Musik als Rettungsanker
Schon lange ist zudem die Musik eine grosse Stütze in ihrem Leben. «Schon als Kind hat mir Musik geholfen, schwierige Momente zu überstehen», sagt sie. Später wird das Singen ein Mittel, Gefühle auszudrücken und emotional stabil zu bleiben. «Wenn ich auf der Bühne stehe, sind die Emotionen für alle spürbar.» Im Rahmen des Buchprojekts nahm sie eine dazugehörige Platte auf – darunter «Plus jamais» auf Französisch, das sie ins Deutsche übersetzt hat. Das Lied thematisiert häusliche Gewalt.

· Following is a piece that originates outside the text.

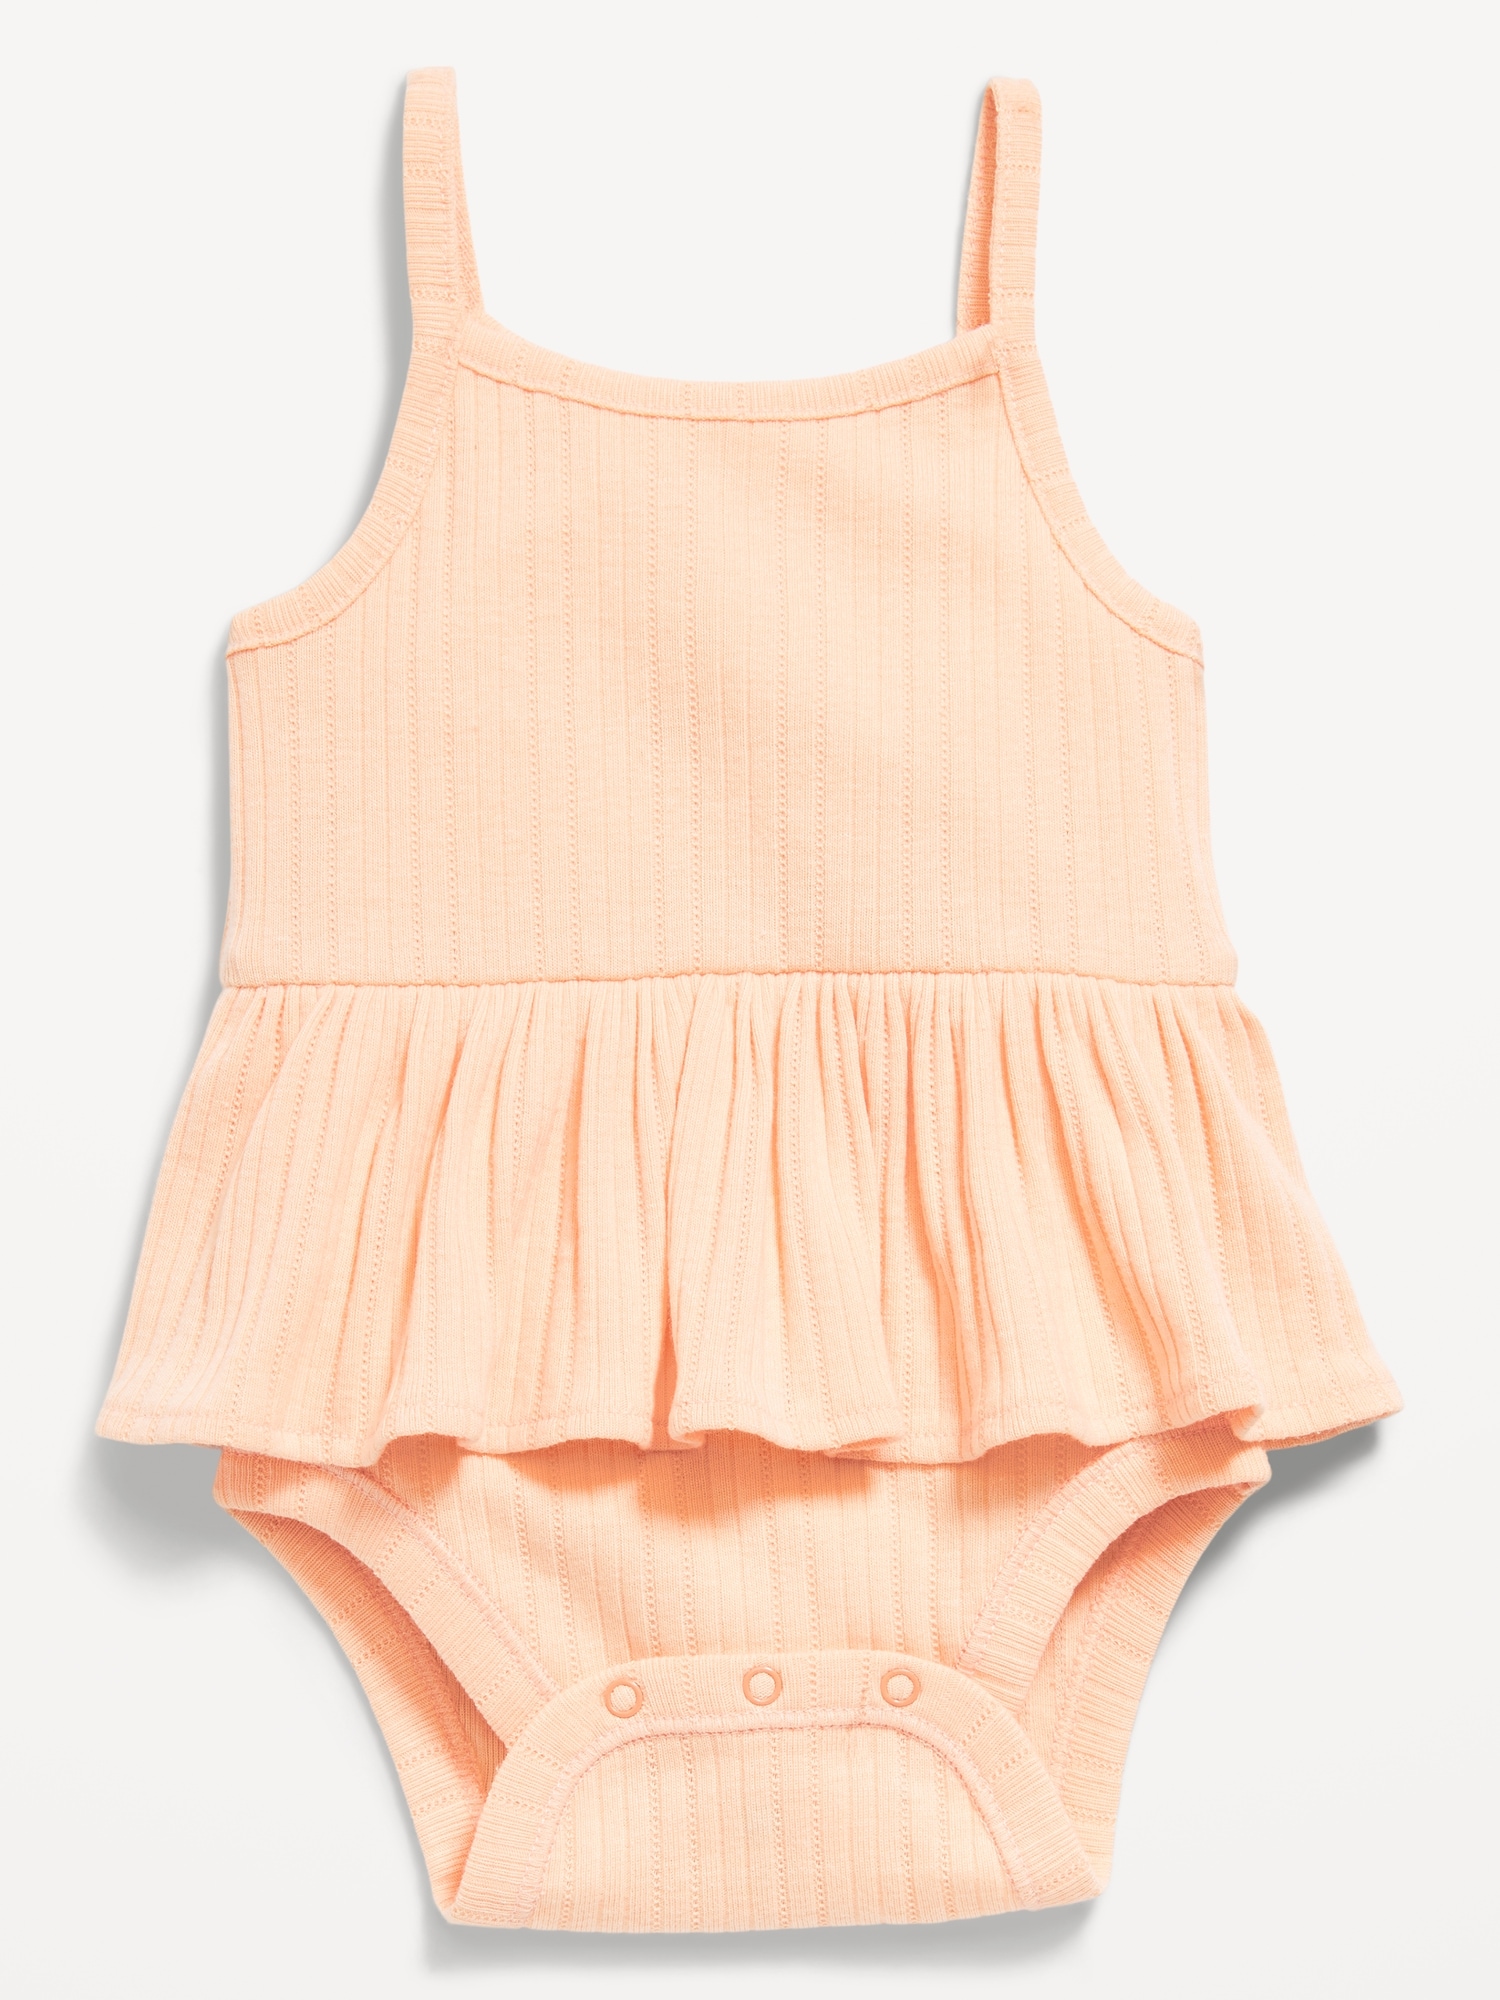 Sleeveless Peplum Bodysuit for Baby Hot Deal

Sie habe selbst erlebt, wie Frauen, die Opfer von Gewalt wurden, häufig mit Schuldgefühlen konfrontiert und verurteilt werden, statt Unterstützung zu erfahren, sagt Valérie de Montmollin. Ihre Geschichte soll deutlich machen, dass ein Ausweg existiert und dass es möglich ist, trotz traumatischer Erfahrungen ein selbstbestimmtes Leben zu führen. Nach ihrem jetzigen Befinden gefragt, sagt sie gleich: «Ich bin sehr happy und zufrieden. Wenn alles so toll weiterläuft wie jetzt, habe ich keine weiteren Wünsche.» Sagt sie und zeigt einmal mehr ihr strahlendes Lächeln.